As a former newspaper publisher, I have been asked my opinion. I would like to think that I might have hesitated to run a political ad that had the potential to be deceptive the week before an important election, but I’m not sure. Business is business, and not being as politically correct as some, I might not have even realized it was offensive.

On the other hand, I never took the same liberal position on printing letters to the editor that the News does. I would print any kind of opinion, but I did not allow letters to report “facts” that I knew to be untrue. In fact, the News did run many unedited letters over the years that I either rejected for publication or required edits on.

I apply those same rules to moderating my blogs. For instance, recently our Florida correspondent Greg Lamb wrote a comment claiming that Bill Lofquist was wrong in asserting that there was no site plan for the Newman project on file in the town office. His source for that was Newman attorney Ken Kamlet’s quoted in the LC News. I wrote back to Greg and told him that I was not going to allow him to spread Mr. Kamlet’s disinformation on my blog. Of course, I could have posted the comment and then refuted it, but why give something that is obviously untrue any credibility at all?

Getting back to Hop, I doubt that the ad flap made a difference in the outcome of the election. He finished almost 150 votes ahead of Patti Lavigne, and if some people did vote for him out of sympathy for being attacked, not all of those voters would have had Patti as a second choice.

I believe Hop (and David) won because of their personal popularity. They are both Teflon candidates who managed to survive even though they ran as part of a team whose leader and policies were wildly unpopular.

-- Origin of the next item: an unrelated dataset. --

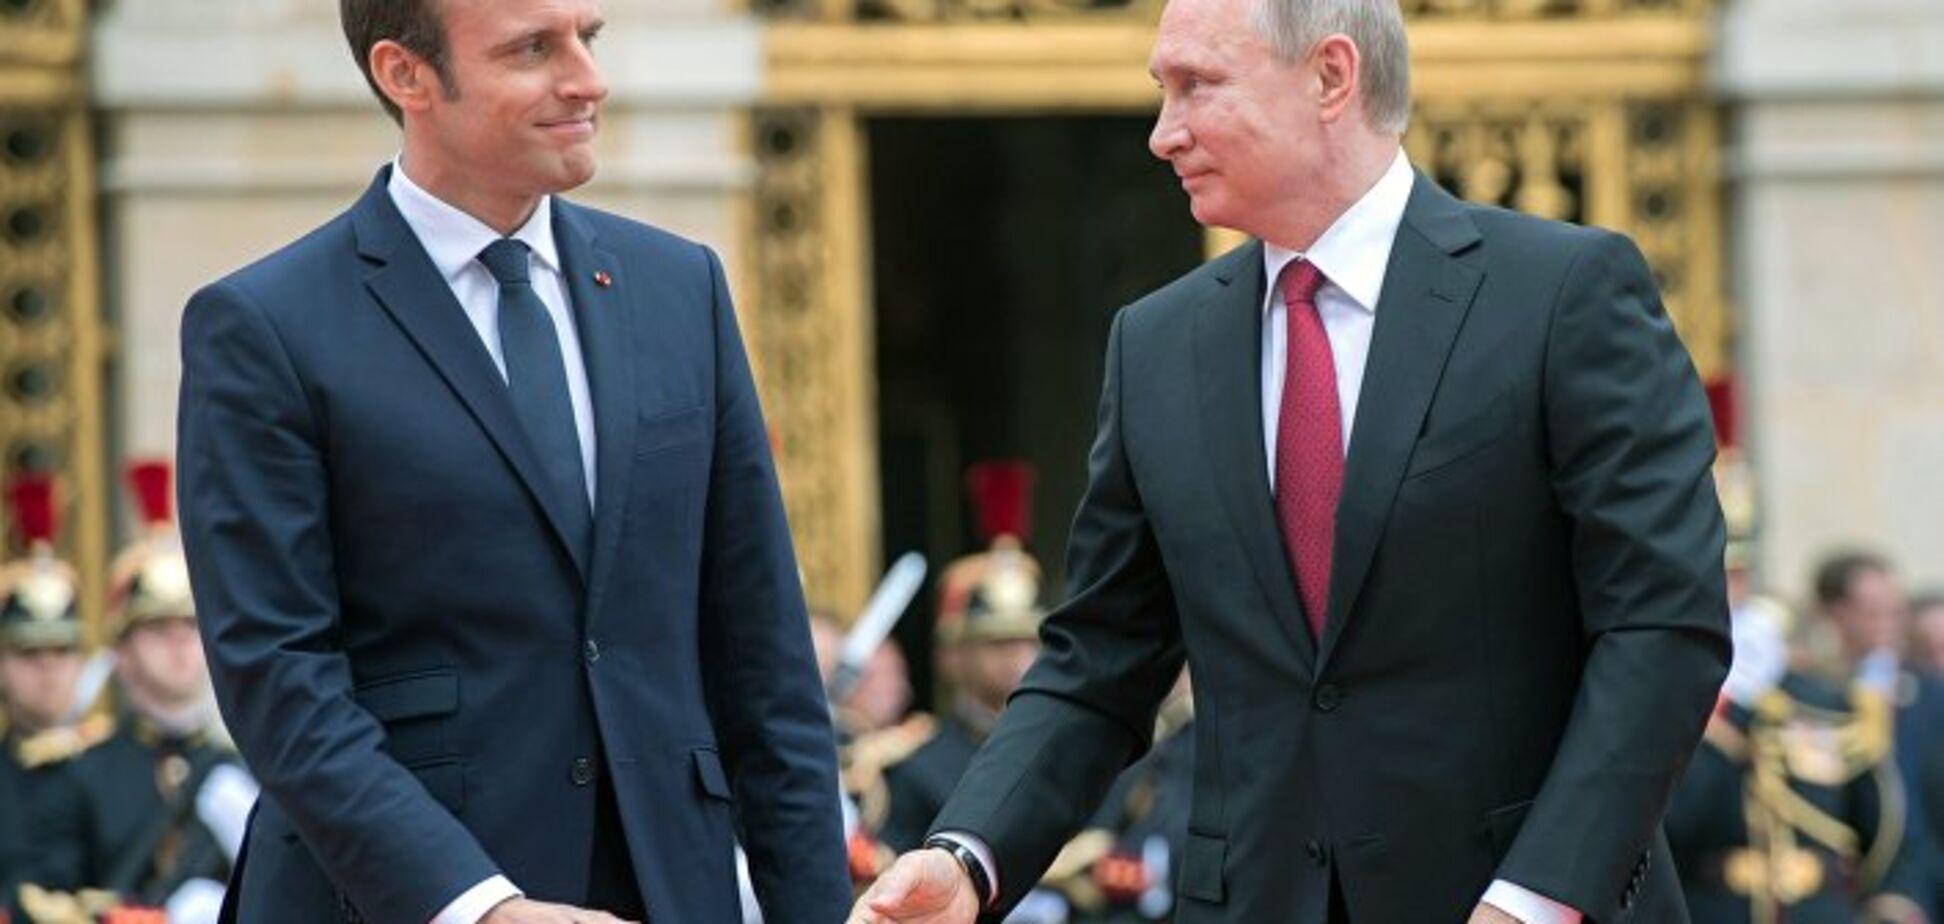 Поедает взглядом: странная реакция Путина на Макрона озадачила сеть. Фотофакт

A note about this blog: Now that the election is over, I will keep this blog open for election items until the final canvass of votes is made next week. Yesterday was the second day in a row to set a record in traffic with over 200 readers and the blog has been read over 5,000 times since I started in May. Thanks for reading and especially to those who commented.

I will continue to write my weekly column (maybe a few days late this week because I am working on my DEIS comments) and publish my news blog (which also had a record day yesterday and where some interesting post-election comments have been posted). Both can be found at www.clarioncall.com.


An idea whose time has come?

November 7, 2007

It’s hard not to look at yesterday’s election results as anything other than an endorsement of the Lowe’s project. With the two candidates unequivocably in favor of the project polling 61.4 per cent, it is clear that the people of Geneseo want a Lowe’s. How the town gets there from here, however, is not very clear.

Supervisor Wadsworth will have a big job in cleaning up the legal, political and ethical mess surroundingĀ  this issue when he takes office in January. His claimed abilities to find consensus on this and other matters will be sorely tested.

The reality that almost 40 per cent of the community was prepared to say no to the Lowe’s will give substantial encouragement to those who continue to believe that this is the wrong project, in the wrong place and at the wrong time.

As I told representatives from Newman Development at last week’s public hearing, their best course of action would be to withdraw their application until such time as a new master plan and new zoning that permits their proposed use can be adopted. I believe that, the election results notwithstanding, this is still good advice.

Might does not necessarily make right. Just because a majority of the voters want something does not mean that an illegal process can be used to trample on the rights of a substantial minority. This is because we are a nation of laws, not men.

It seems a little more likely now that the Lowe’s will be built than it did yesterday, but it is still a long way from a done deal. There is such a thing as winning the war after losing every battle, and the fight will go on. The pro-project forces have lost their General. It remains to be seen if their new leader has the stomach and the ability to carry it forward to a successful conclusion.